So the technologies that we develop on the error correction side, we try to keep them
very flexible.
So whether it's enzymatic synthesis, whether it's nanopore technology, whether it's
Illumina technology that is being used, the error correction algorithms would be able
to adapt and would still be useful.
But, I mean, this makes also coding aspect harder because, harder, because you want to keep all this flexibility in mind.
So Sergei, we are at an interesting moment
now because you're open sourcing the Trellis BMA piece of code
that you published a few years ago.
Can you talk a little bit about that specific problem
of trace reconstruction and then the paper specifically
and how it solves it? Absolutely. Yeah, so this Trellis BMA paper for that we are releasing this source code right now,
this is the latest in our sequence of publications on error correction for DNA data storage. And I
should say that we already discussed that the project is kind of very interdisciplinary. So
we have experts from all kinds of fields. But really, even within this
coding theory, like within computer science slash information theory, coding theory,
in our algorithms, we use ideas from very different branches. I mean, there are some
core ideas from core algorithm space, and I won't go into this, but let me just focus kind of on two
aspects. So when we just faced this problem of coding for DNA data storage, and we were thinking about, okay, so how to exactly design the coding scheme,
what are the algorithms that we'll be using for error correction?

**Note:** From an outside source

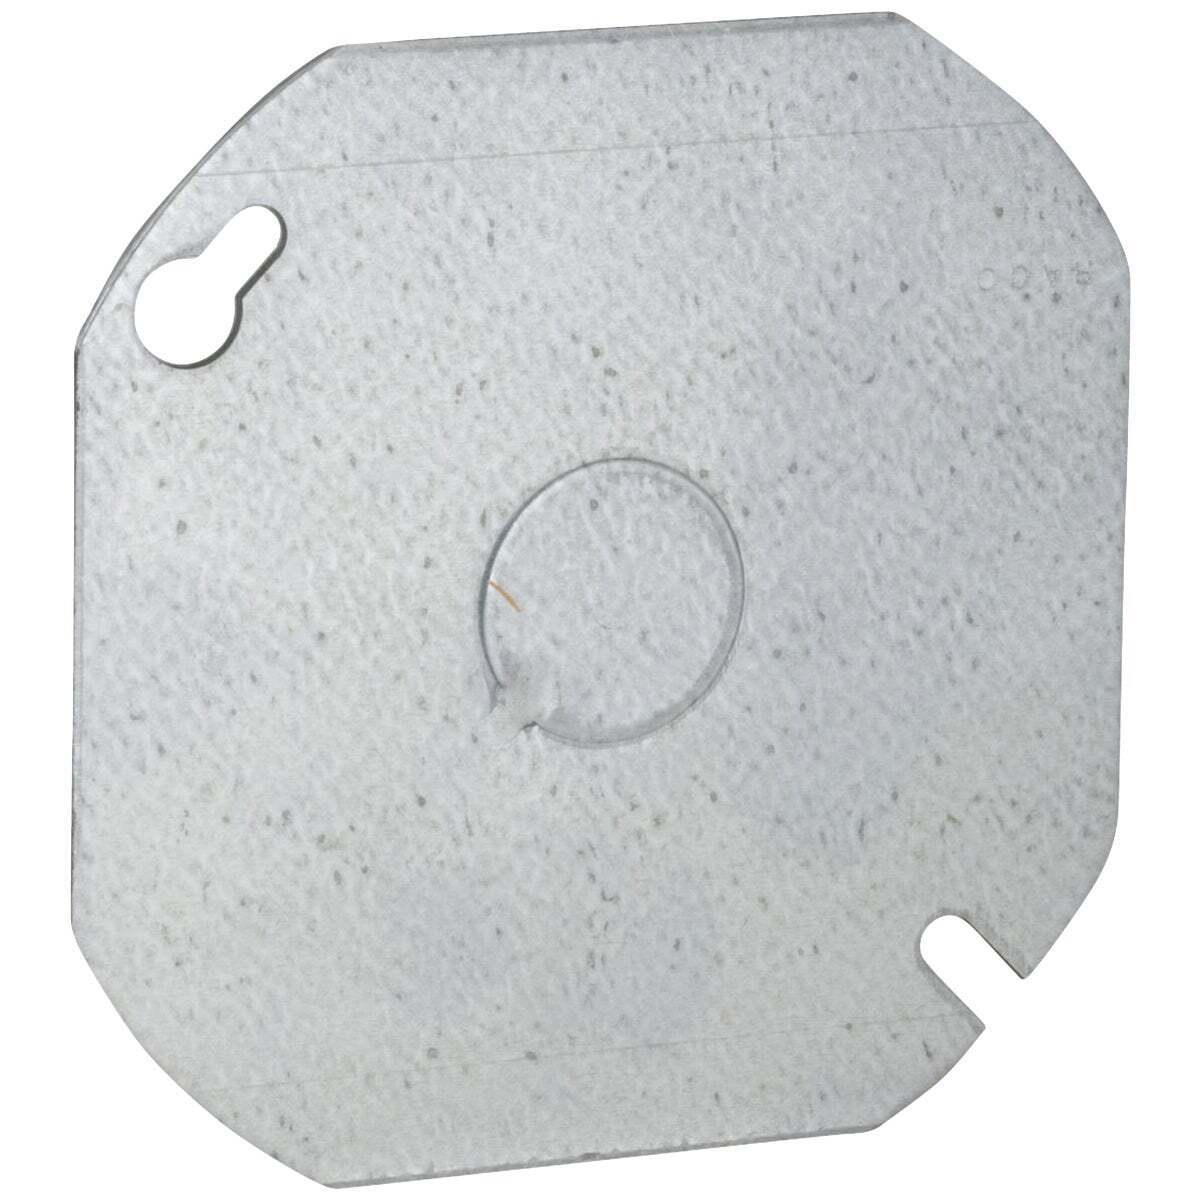 Picture of Southwire 54C6-UPC 4 x 0.5 in. Steel Metallic Flat Blank Round Cover

So, I mean, we were obviously studying the literature,
and we came upon this problem called trace reconstruction.
So that was pretty popular in, I mean, somewhat popular, I would say,
in computer science and in statistics.
It didn't have much motivation, but people have, like,
very strong mathematicians have been looking at it. And the problem is as follows. So, like,
there is a long binary string picked at random, and then it's transmitted over the deletion channel.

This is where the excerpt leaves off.